Italian government penalizes banks for interest rate gains
Italy sent shockwaves through the European banking sector overnight with a 40% tax on interest rate profits, also reprimanding those banks for not rewarding depositors. Bank stocks were down 7% on average. This follows similar action by Spain and Hungary, raising fears that other countries will follow as well. Reuters quotes sources saying that the windfall tax is expected to bring in nearly 3 billion euros, or $3.3 billion US dollars to the treasury. That would be similar to the estimated 2.8 billion euros that came in from a windfall tax on energy companies earlier this year.
Ironically, Italian banks were never credited for not charging depositors for deposits when Europe’s interest rates were negative over the past several years, creating losses for them, but the government wants to confiscate profits when the tables are turned. The market has a way of evening these things out, but government intervention to confiscate profits tends to stifle economic activity and slow growth. It’s largely the profits within these banks that tend to fuel investment, but that fuel will be missing if the profits are confiscated.
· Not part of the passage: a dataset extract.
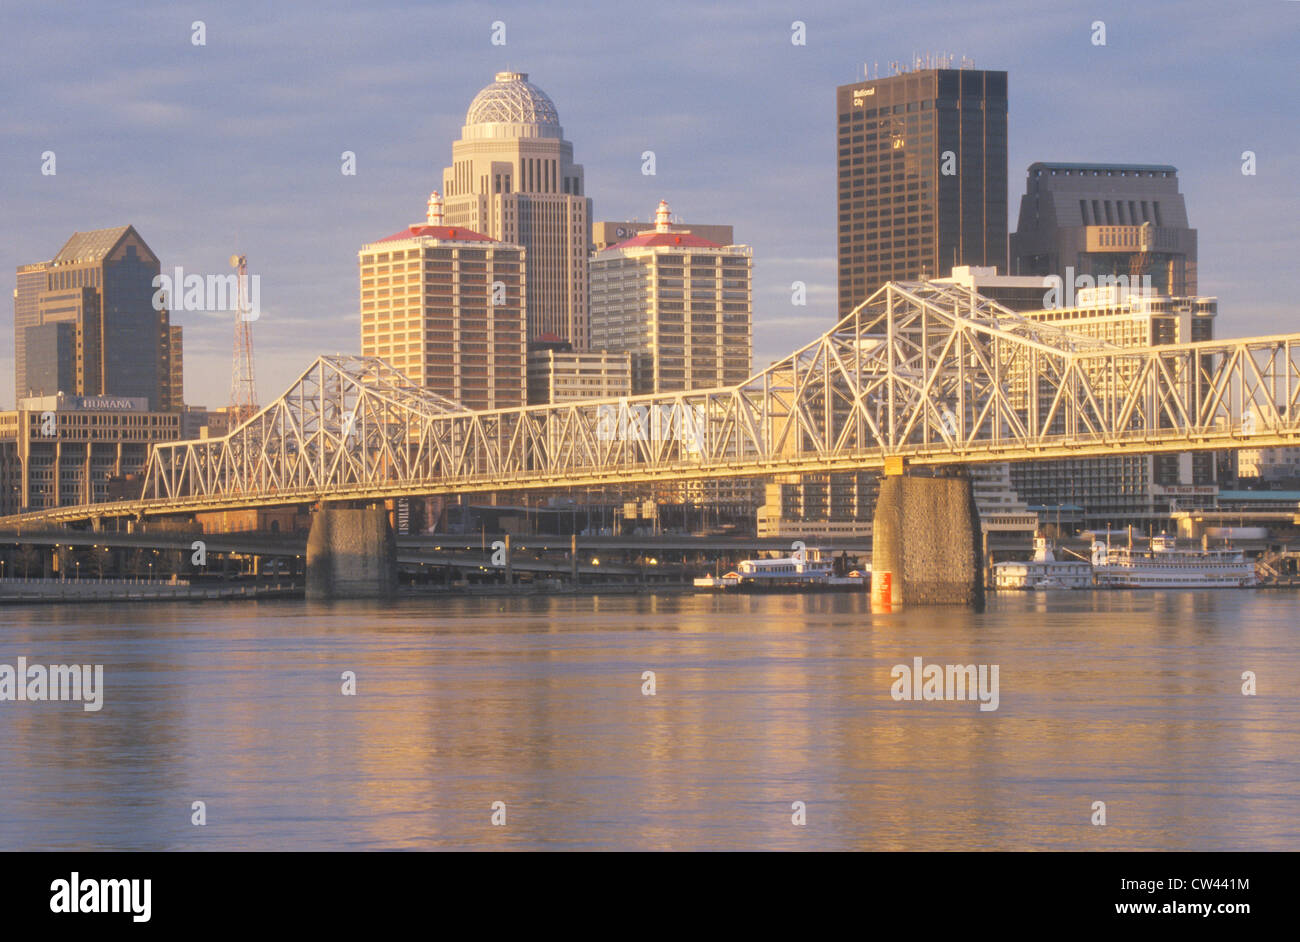 Looeyville Kentucky neon sign Louisville Stock Photo - Alamy
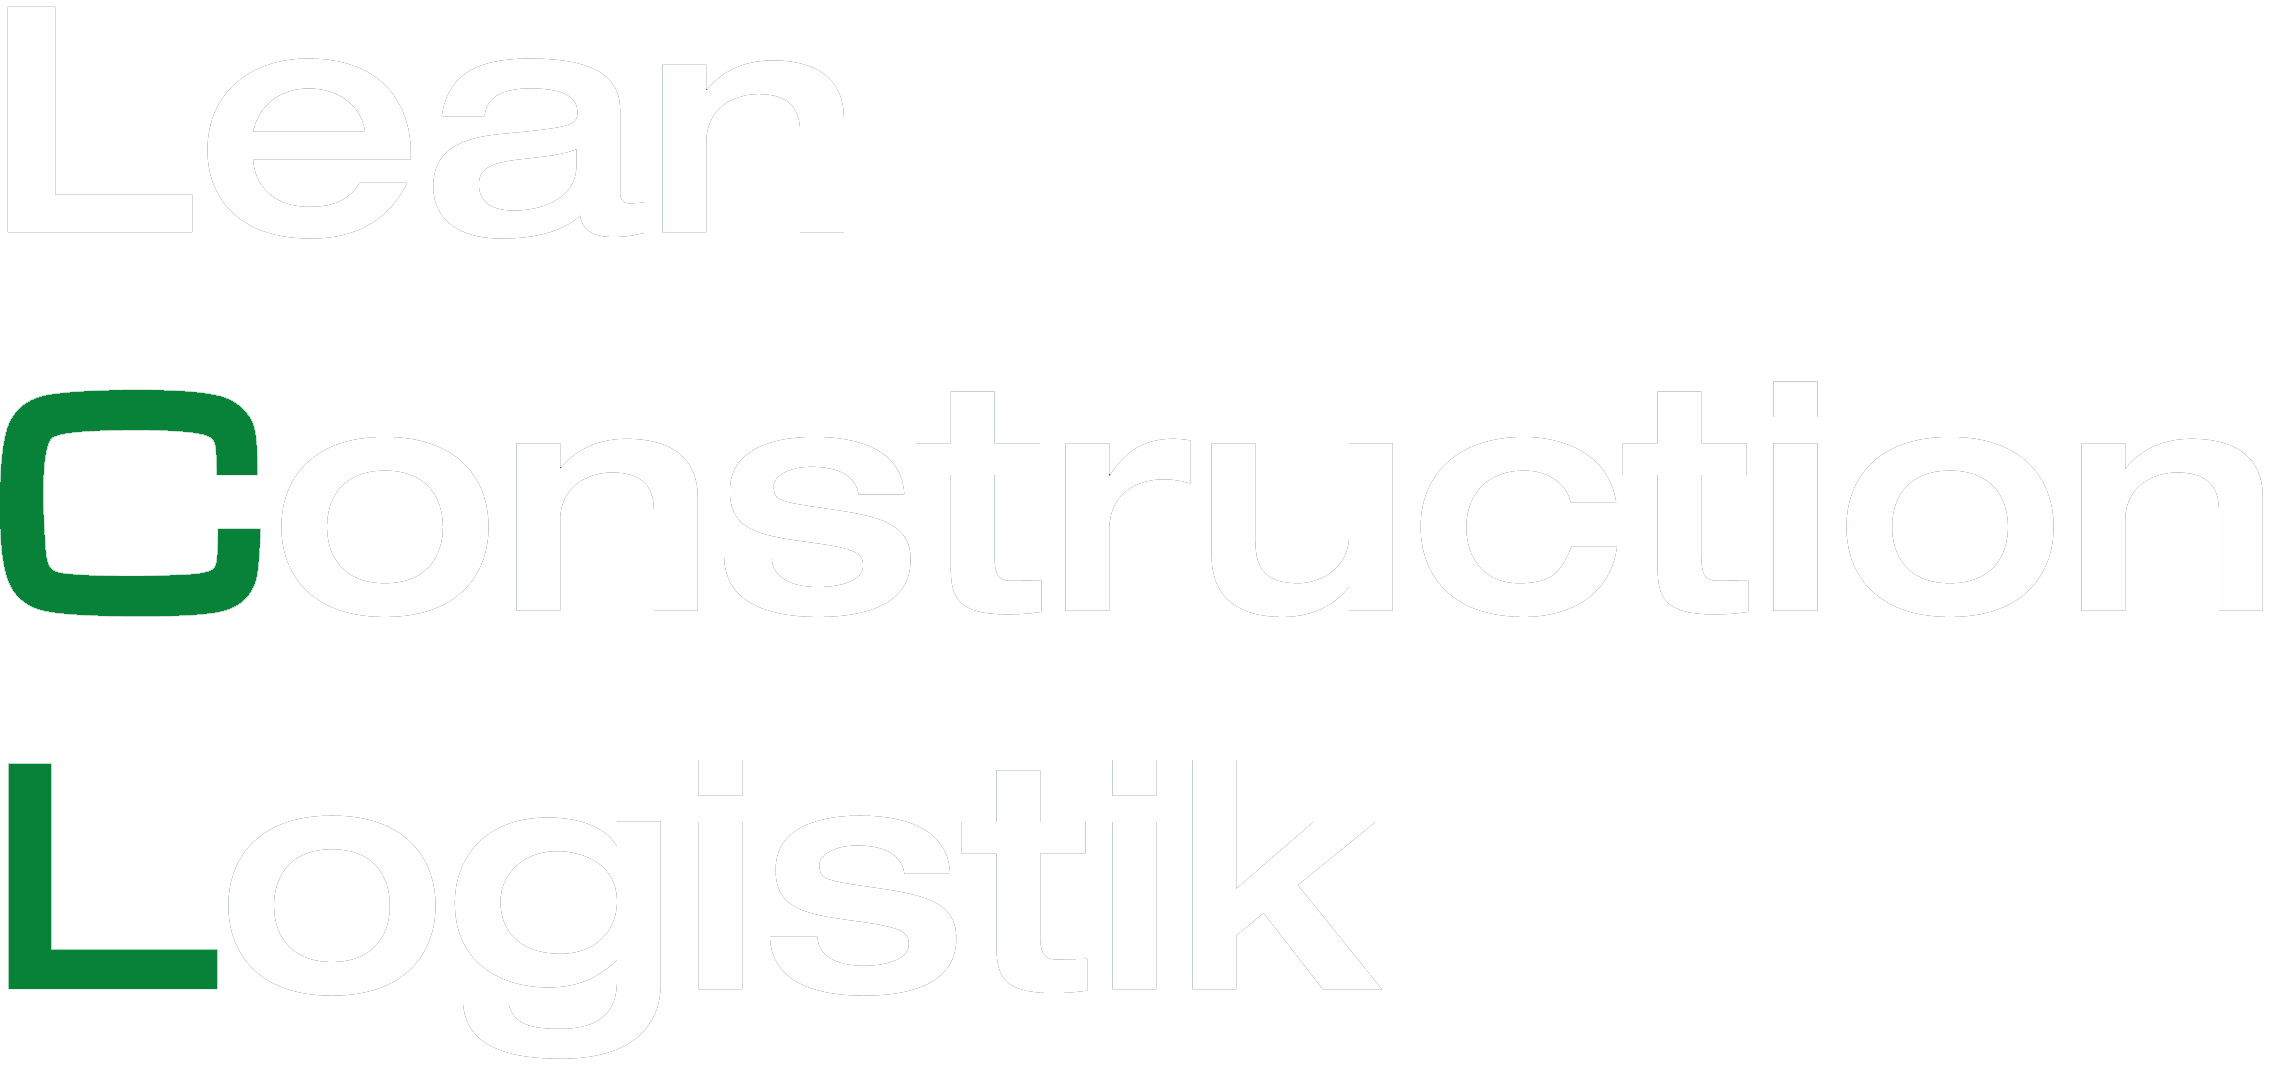 Lean Construction Logistik

China’s exports crumble warning of dire domestic economy
China’s exports fell 14.5% year-on-year in July, worse than the expected 5% decline, was the largest decline since February 2020 when Covid hit, and it followed a 12.4% decline in June. This is a very serious economic problem for China, and reflects the decoupling of Europe and the US from dependency on Chinese imports. It also reflects a decline the value of exported goods.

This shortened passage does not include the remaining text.